The returns produced by the capital markets also distribute themselves in bell curve fashion. But there is a crucial difference between capital markets and natural phenomena. The example of rainfall is an example of natural behavior largely uncompromised by human interaction. But securities prices don't somehow magically change from time to time—they change only in response to the action of human beings in buying and selling them. And human behavior, as we all know, is at best complex and at worst truly bizarre. We can behave with calm resolution one moment and panic along with the rest of the crowd the next moment.

The result is that the bell curve distribution of capital markets performance is not shaped exactly like a bell curve. Instead, it's shifted slightly to the left and is characterized by so-called fat tails: Extreme outcomes, good and bad, are far more common than statistics would suggest.
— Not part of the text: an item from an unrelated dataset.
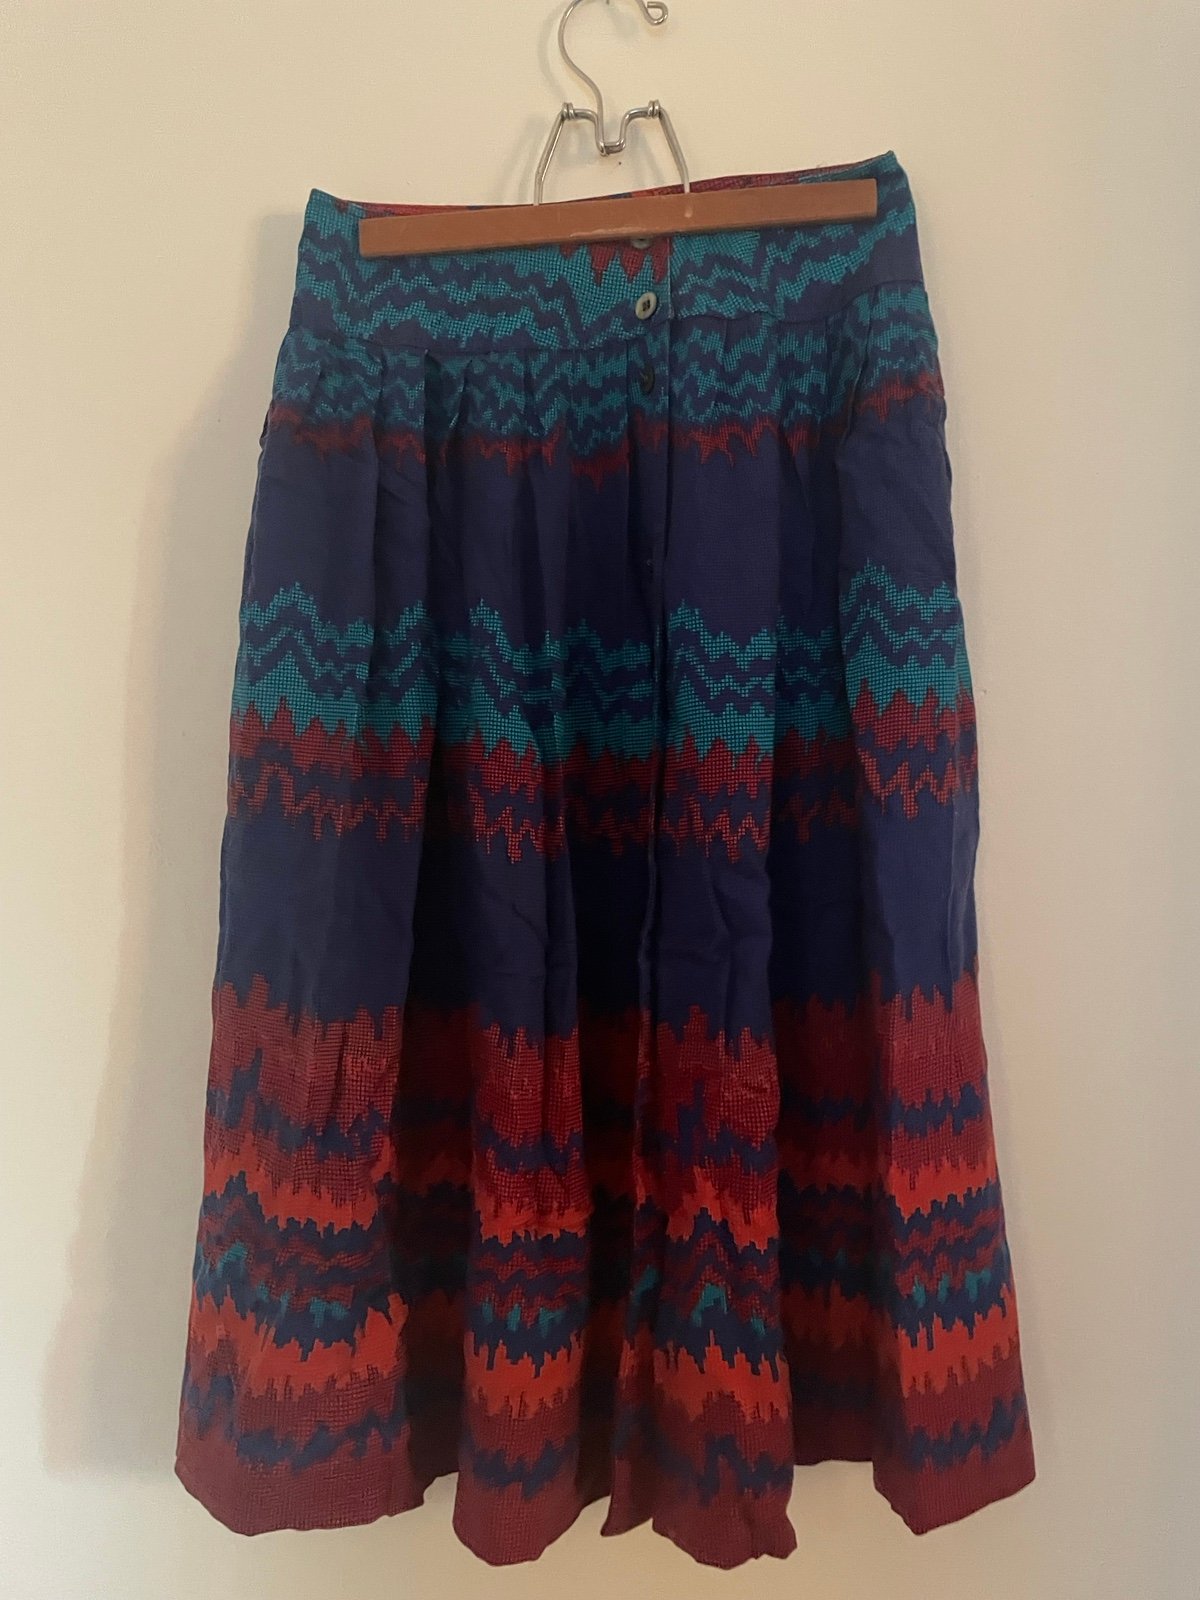 big discount Vintage Liz Claiborne Skirt N5EDMu2Og Onli

Thus, if the mean return on U.S. large-capitalization stocks is 10 percent and the S.D. is 20 (both roughly right over very long periods), then we would almost never expect to see annual losses of more than about −30 percent; that is, more than two standard deviations below the mean return. Indeed, if we experienced such a loss even once in a lifetime of investing we could consider ourselves to be relatively unlucky.

In fact, however, extremely poor and extremely good returns are far, far more likely to occur than a pure statistical analysis would lead us to believe. When Eugene Fama did his doctoral thesis on price movements of the Dow Jones Industrial Average, he discovered that for each stock in the index there were many more days of extreme price movements than would occur in a normal distribution. Random distribution couldn't explain these outliers:

If the population of price changes is strictly normal, on the average for any stock … an observation more than five standard deviations from the mean should be observed about once every 7,000 years. In fact, such observations seem to occur about once every three to four years.”¹¹ (Emphasis supplied.)
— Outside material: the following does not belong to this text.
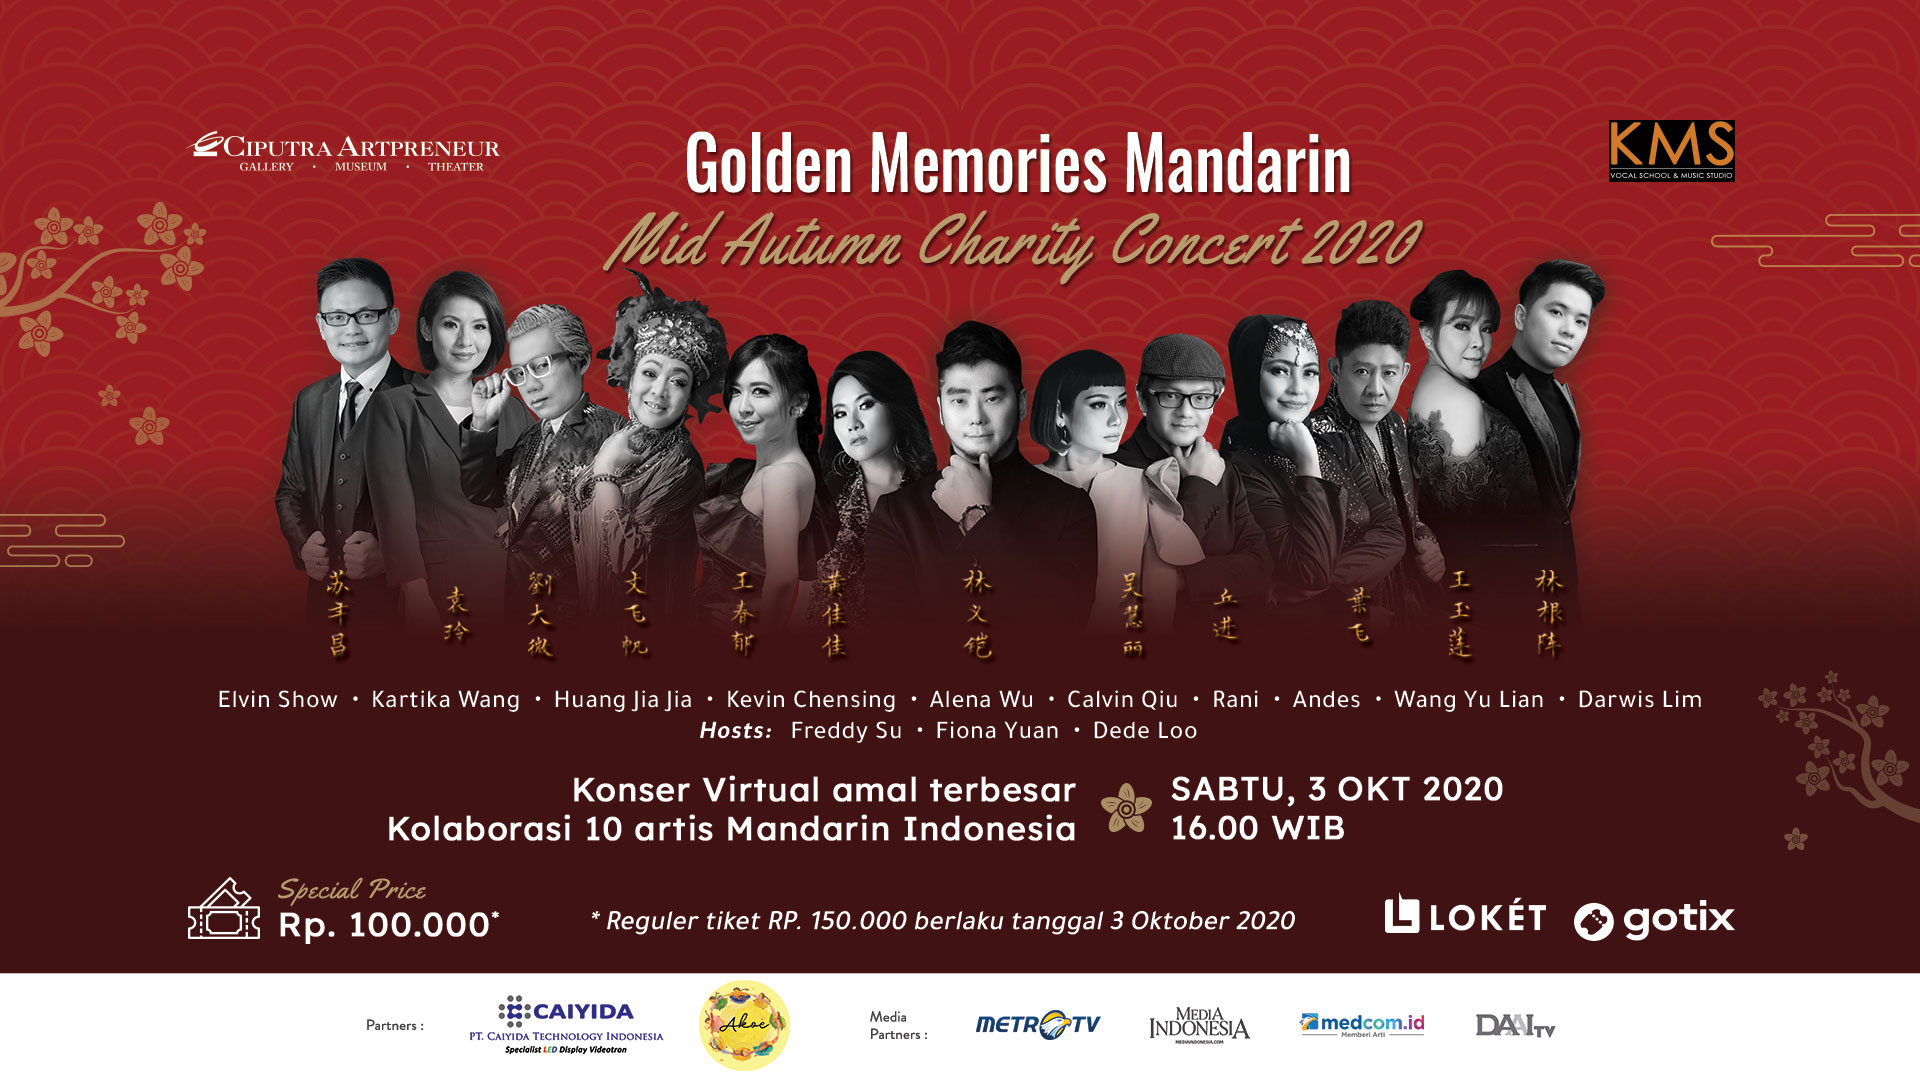 Golden Memories Mandarin

Or consider the breathtaking market collapse that occurred over two days in October of 1987, an event that would have been statistically unlikely to occur “had the life of the universe been repeated one billion times.”¹²

Investors thus face a curious dilemma. On the one hand, we have carefully constructed our portfolios using the best modern portfolio theory techniques, employing the necessary¹³ assumption that market events will occur in a normally distributed fashion. On the other hand, we know from examining the actual data that some market events—namely, very bad portfolio performance¹⁴—will occur far more often than a normal distribution would lead us to expect. We have, in effect, succeeded in controlling a mathematical version of risk—normally distributed price volatility—but we have not adequately addressed the real risk that investors face: the risk that we will depart from our sound strategies in the face of unexpectedly poor results, thus incurring permanent losses of capital.

Price volatility matters, to be sure, and not just in the world of financial theory. Given our druthers, most of us would prefer to obtain a handsome long-term rate of return with little or no price volatility along the way. But we have to live in the real world, and in that world we must choose between, on the one hand, low price volatility and low returns and, on the other hand, high returns and higher price volatility. Given that reality, most investors can get used to price volatility so long as it stays within an expected, reasonable range. It is not price volatility itself that causes us to flee from sensible long-term strategies—it is unanticipated, apparently irrational price volatility.